__WORK ORDER__:
No pictures go in the copy; retype exactly the lines from the one with "Il conviendrait parfaitement" through the last line of the records.
---------- DATA PROVIDED
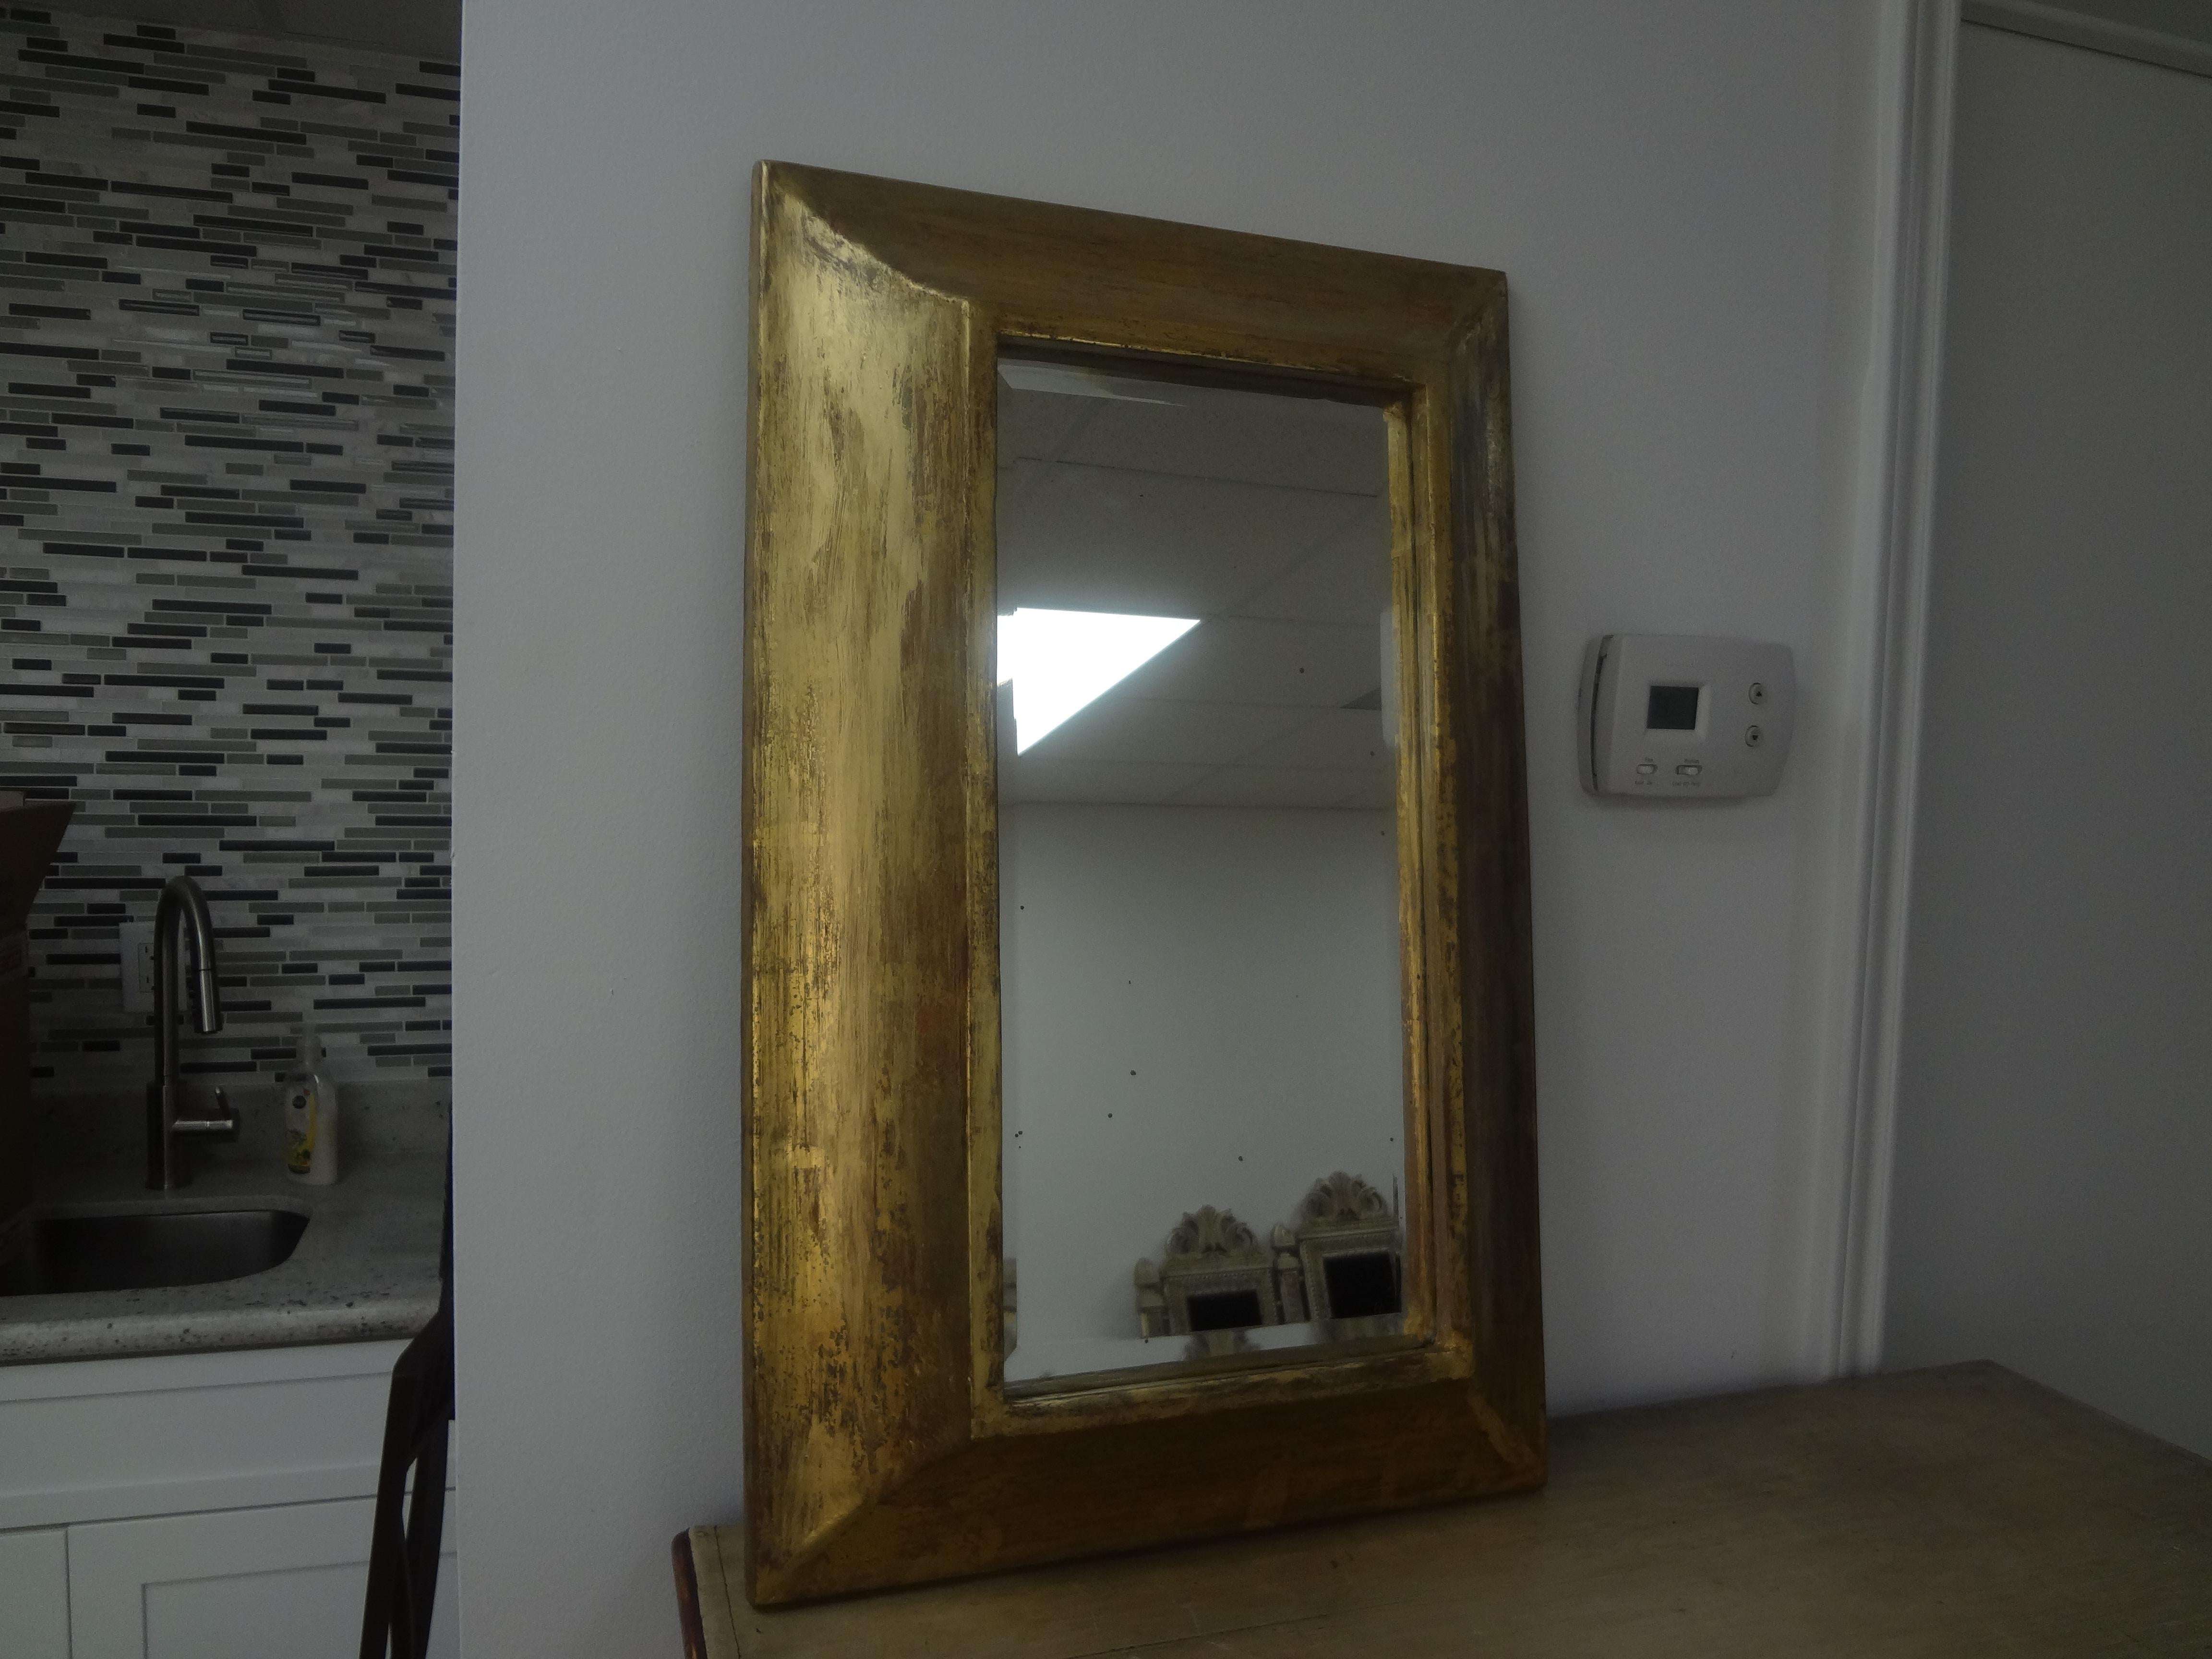 Miroir vintage en bois doré. Ce miroir doré, probablement italien, a un cadre profond qui lui donne un effet tridimensionnel.
Il conviendrait parfaitement dans une salle d'eau ou associé à d'autres miroirs.
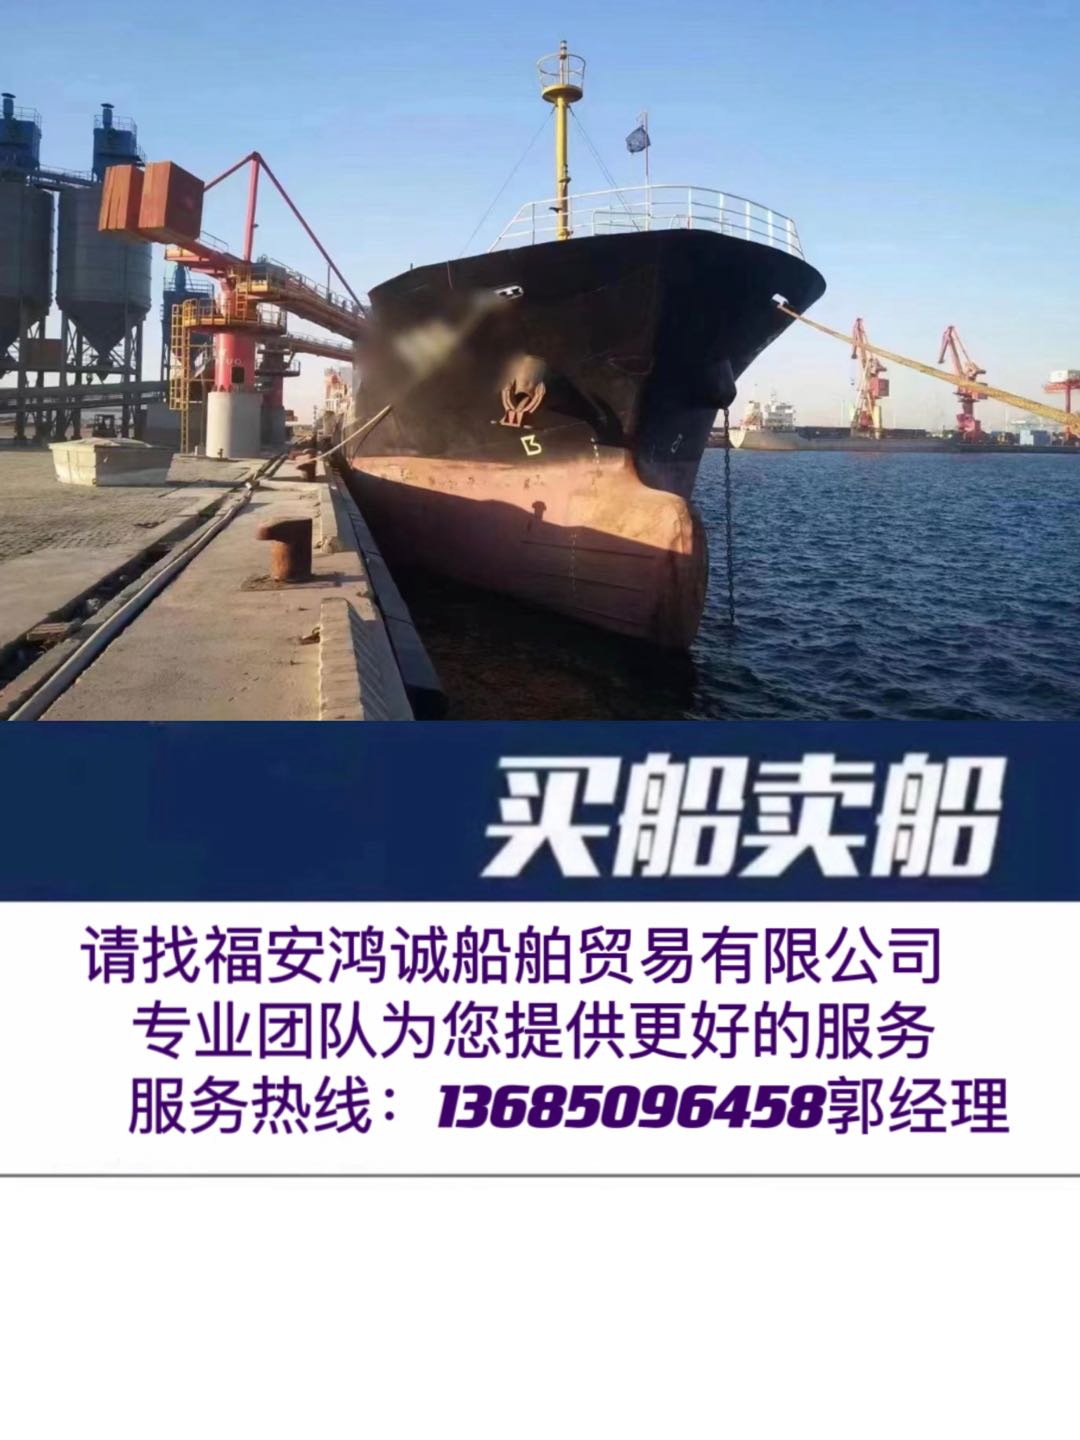 低价出售07年4700吨干货船
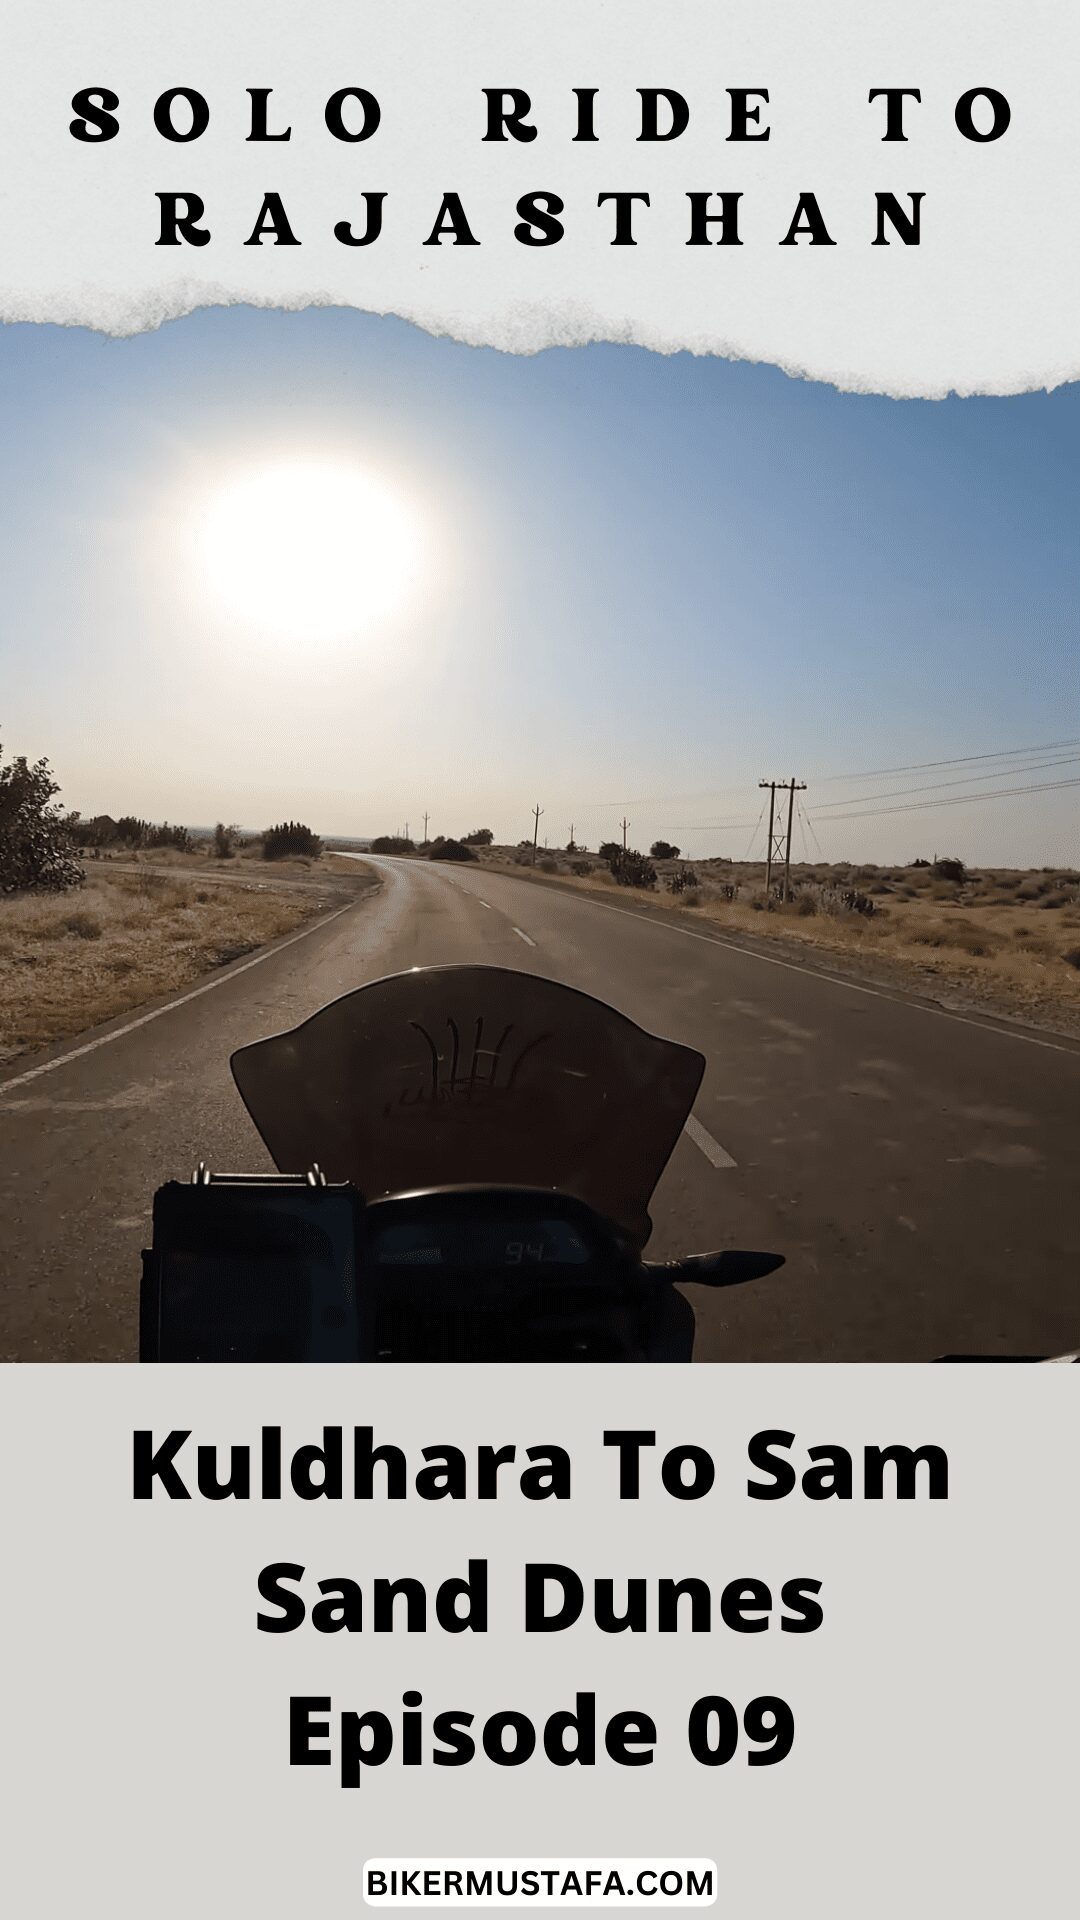 Rajasthan Ride Kuldhara To Sam Sand Dunes Episode 09
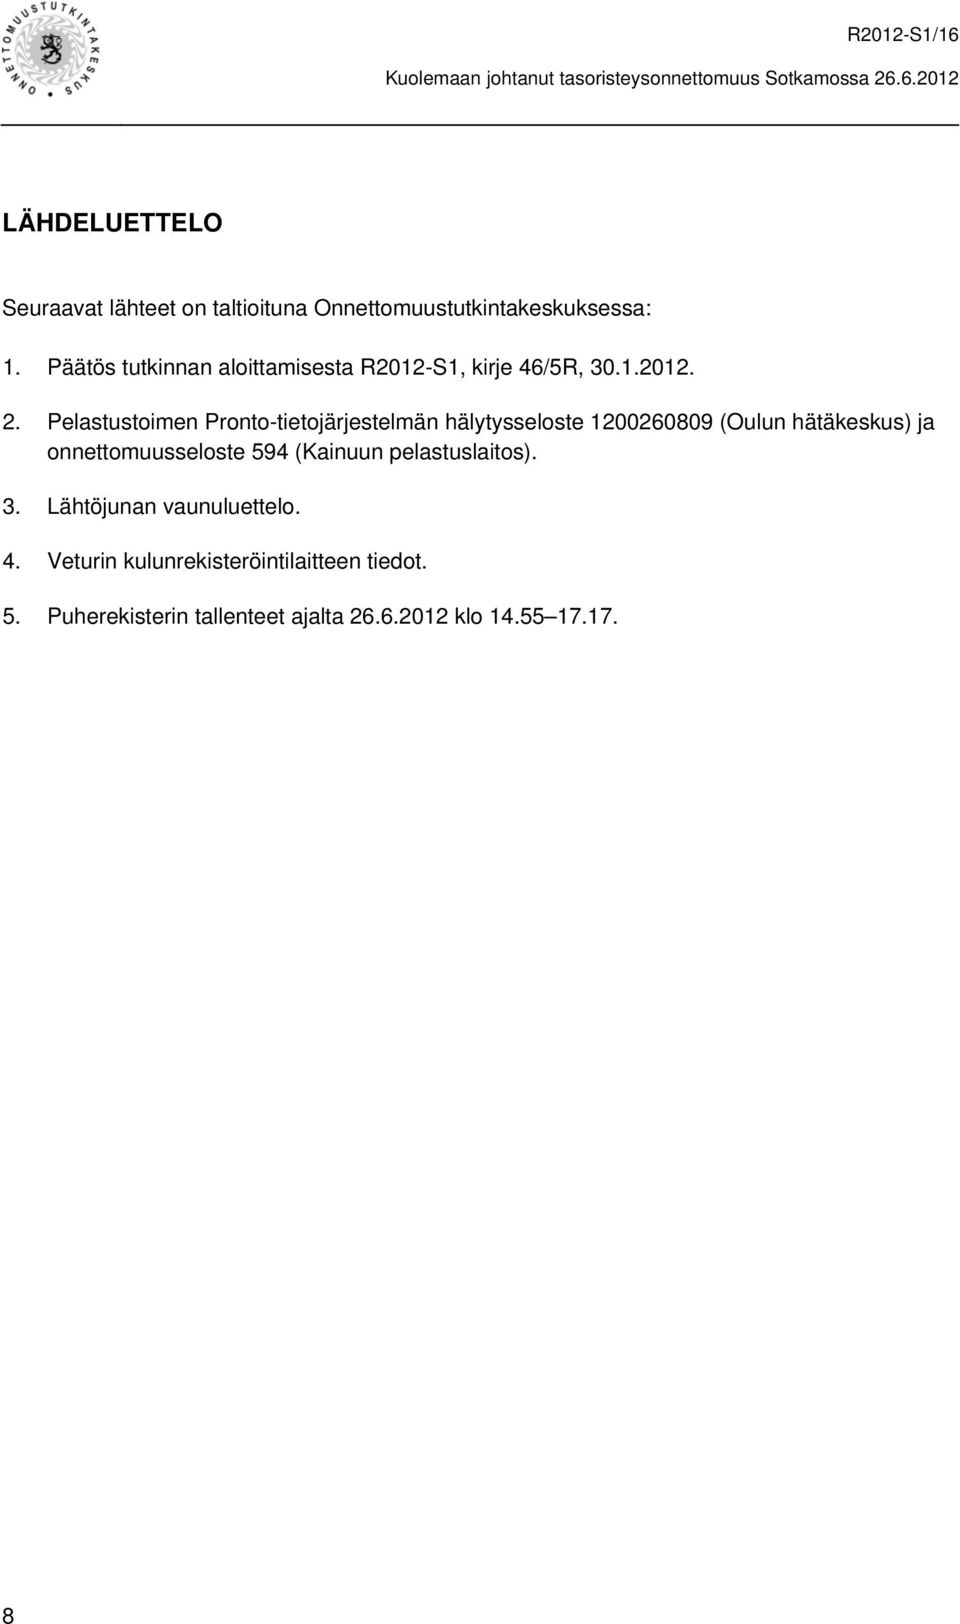 Pelastustoimen Pronto-tietojärjestelmän hälytysseloste 1200260809 (Oulun hätäkeskus) ja onnettomuusseloste
--------------------
__RESULT FOR THIS TASK__:
Il conviendrait parfaitement dans une salle d'eau ou associé à d'autres miroirs.
 低价出售07年4700吨干货船
 Rajasthan Ride Kuldhara To Sam Sand Dunes Episode 09
 Pelastustoimen Pronto-tietojärjestelmän hälytysseloste 1200260809 (Oulun hätäkeskus) ja onnettomuusseloste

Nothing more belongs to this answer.